Only the lines from the one that contains "Veterans and guests" to the last line below, both included, should be transcribed. Pictures stay out of the copy.

*** INPUT DATA ***

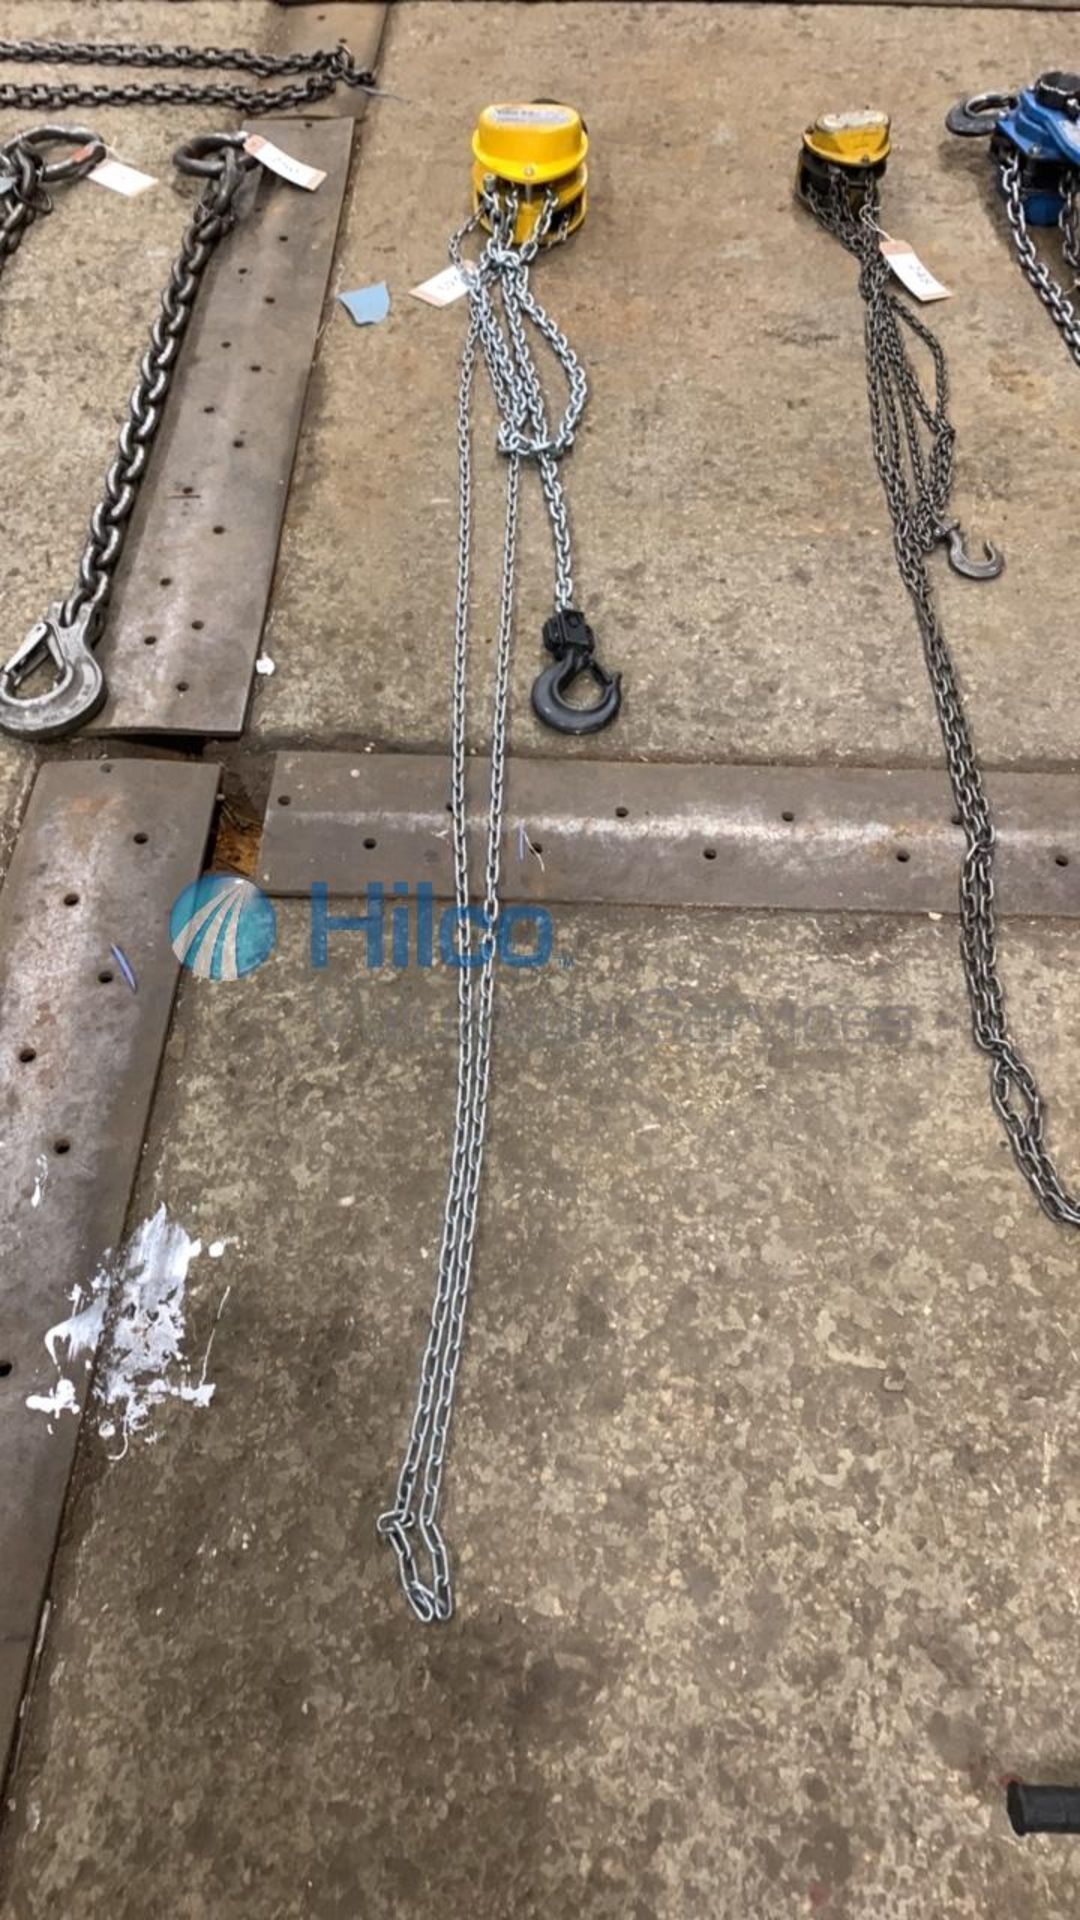 Yale 2000kg Manual Chain Hoist, Serial No S20031396X (2020) - Image 3 of 3
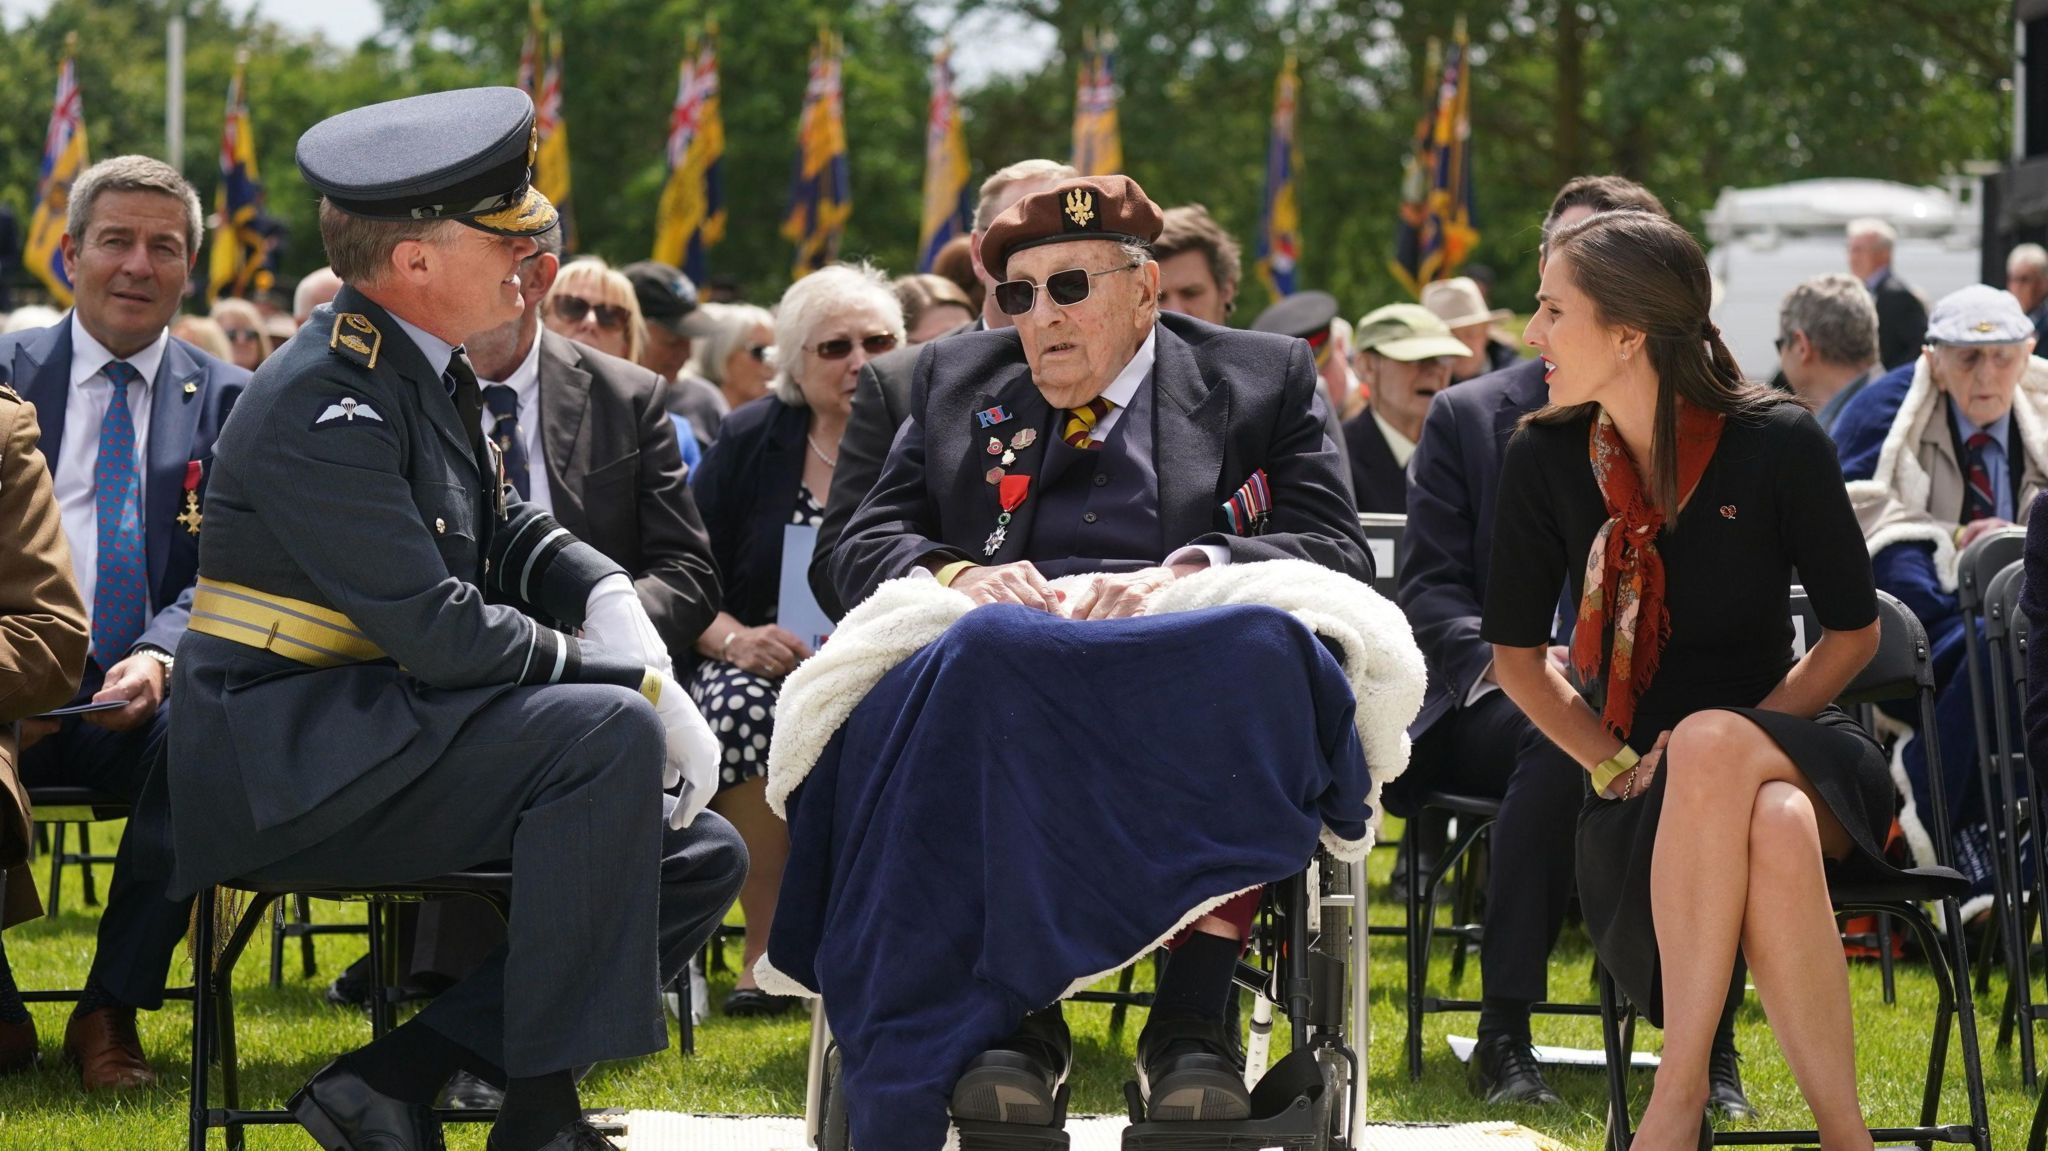 Veterans and guests during the Royal British Legion's service of remembrance at the National Memorial Arboretum in Alrewas, Staffordshire
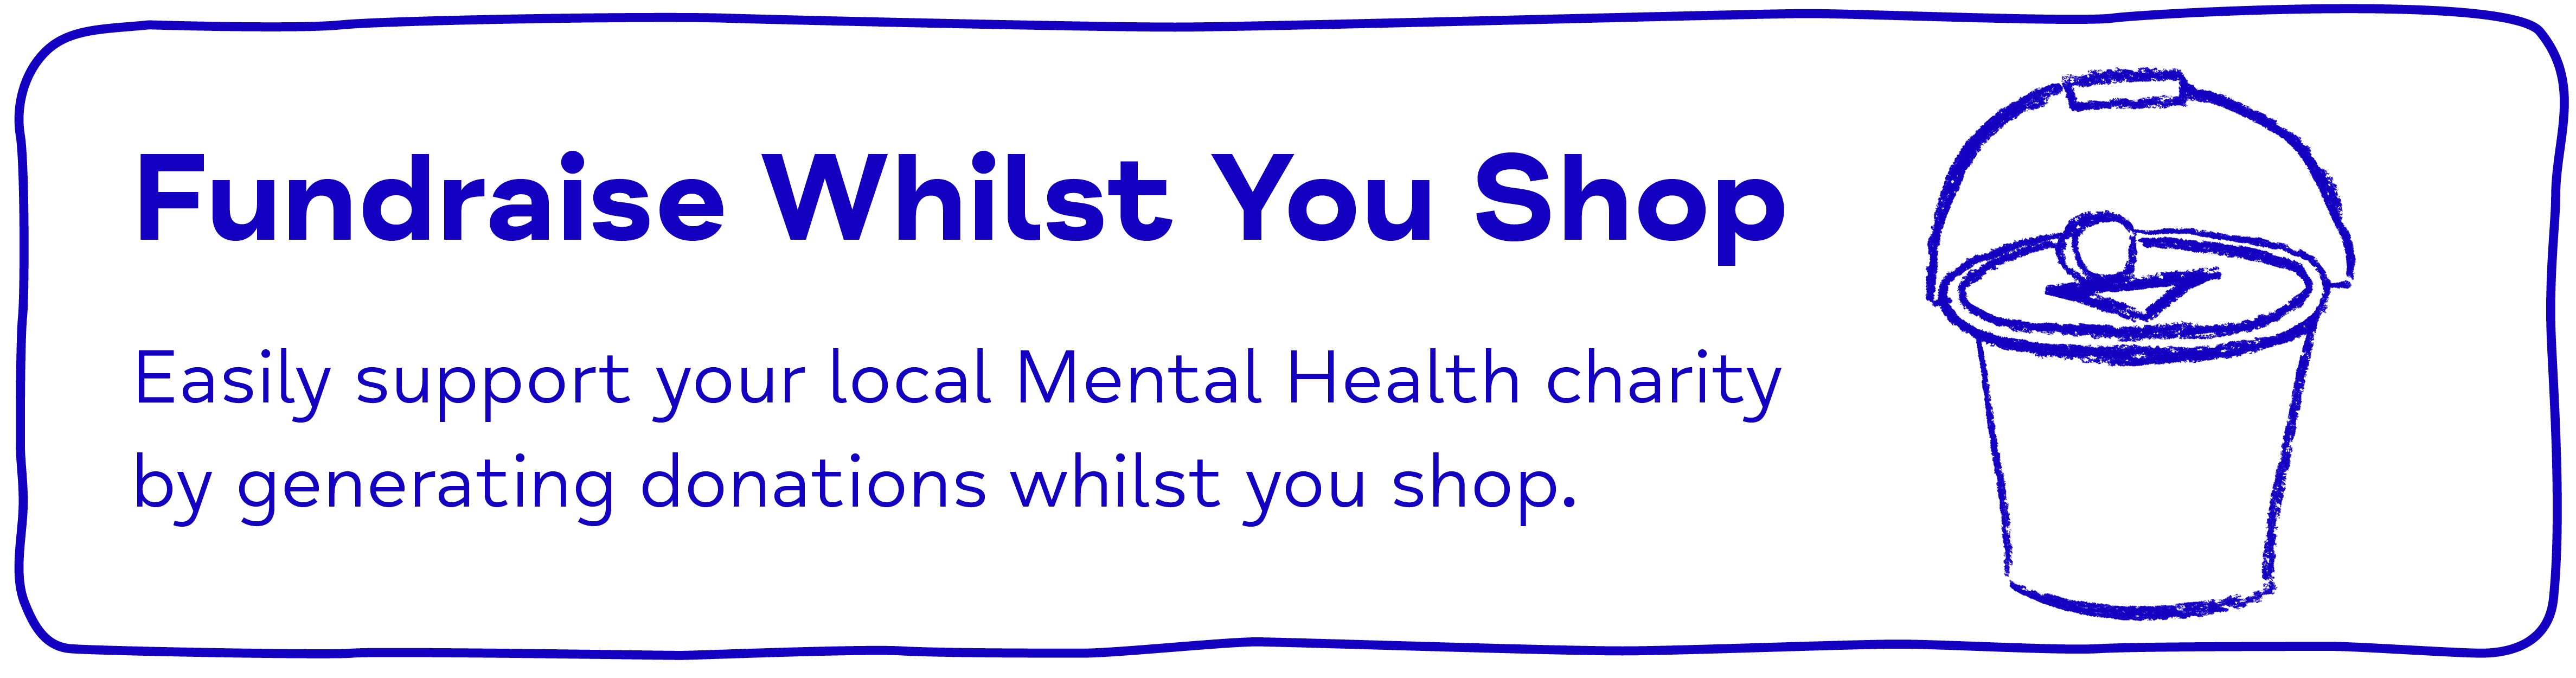 Fundraise Whilst You Shop Easily support your local Mental Health charity   by generating donations whilst you shop.
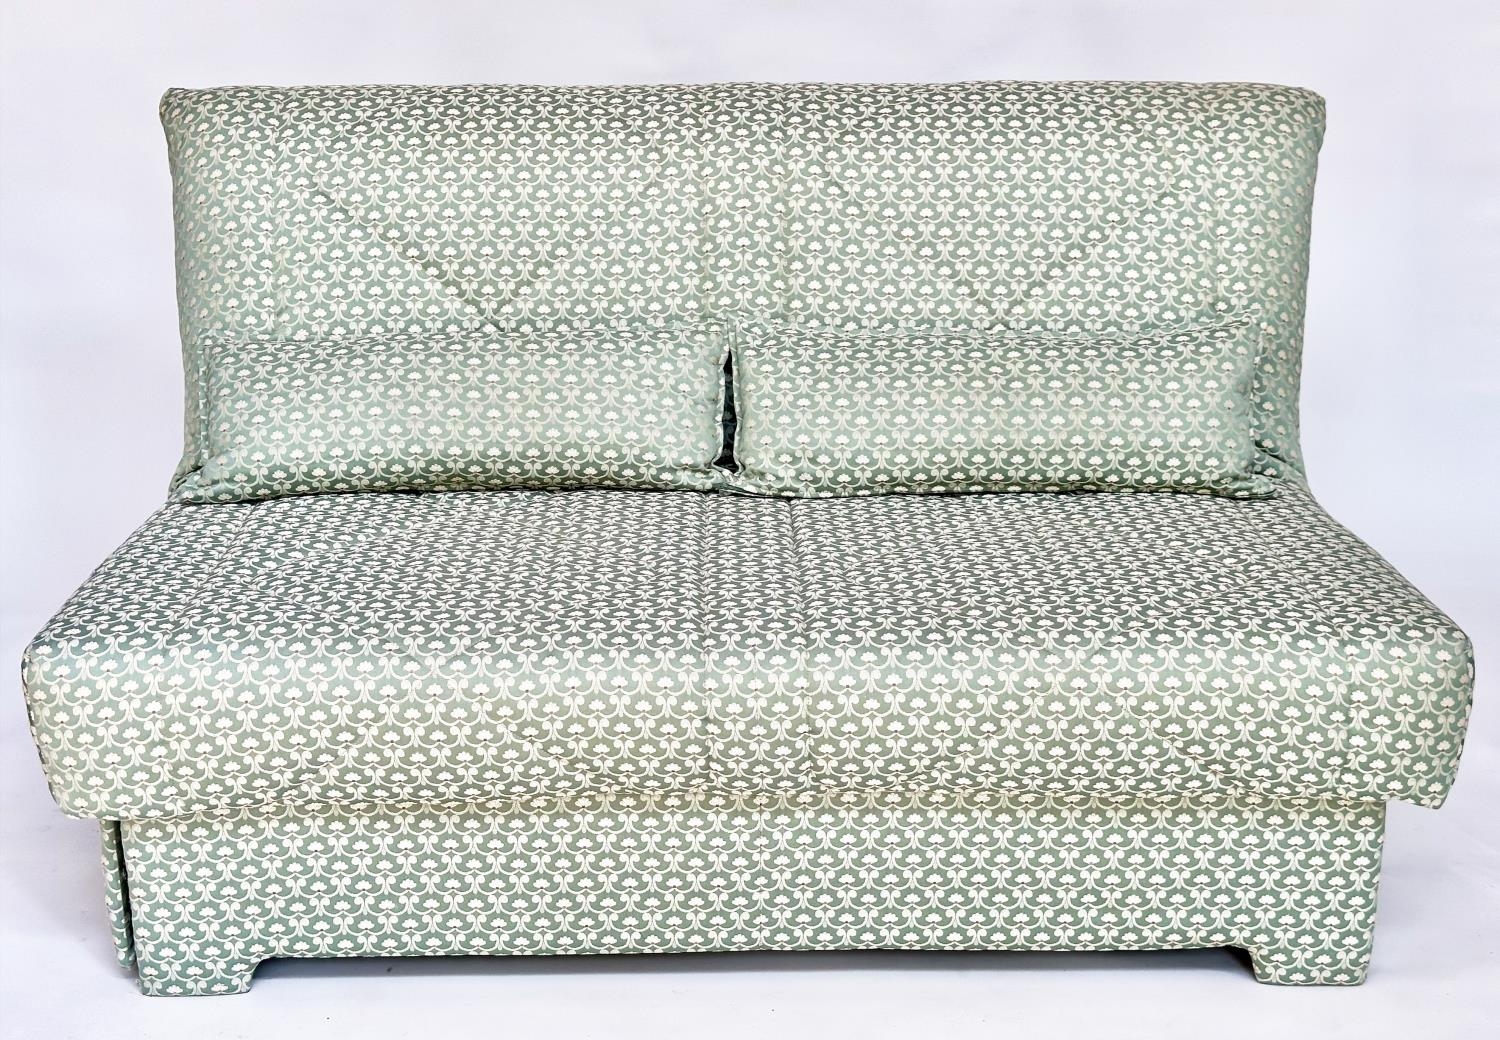 SOFA BED, geometric print upholstered with cushion, transferring to bed, 142cm W (180cm extended).

***

**TASK OUTPUT**
 Veterans and guests during the Royal British Legion's service of remembrance at the National Memorial Arboretum in Alrewas, Staffordshire
 Fundraise Whilst You Shop Easily support your local Mental Health charity   by generating donations whilst you shop.
 SOFA BED, geometric print upholstered with cushion, transferring to bed, 142cm W (180cm extended).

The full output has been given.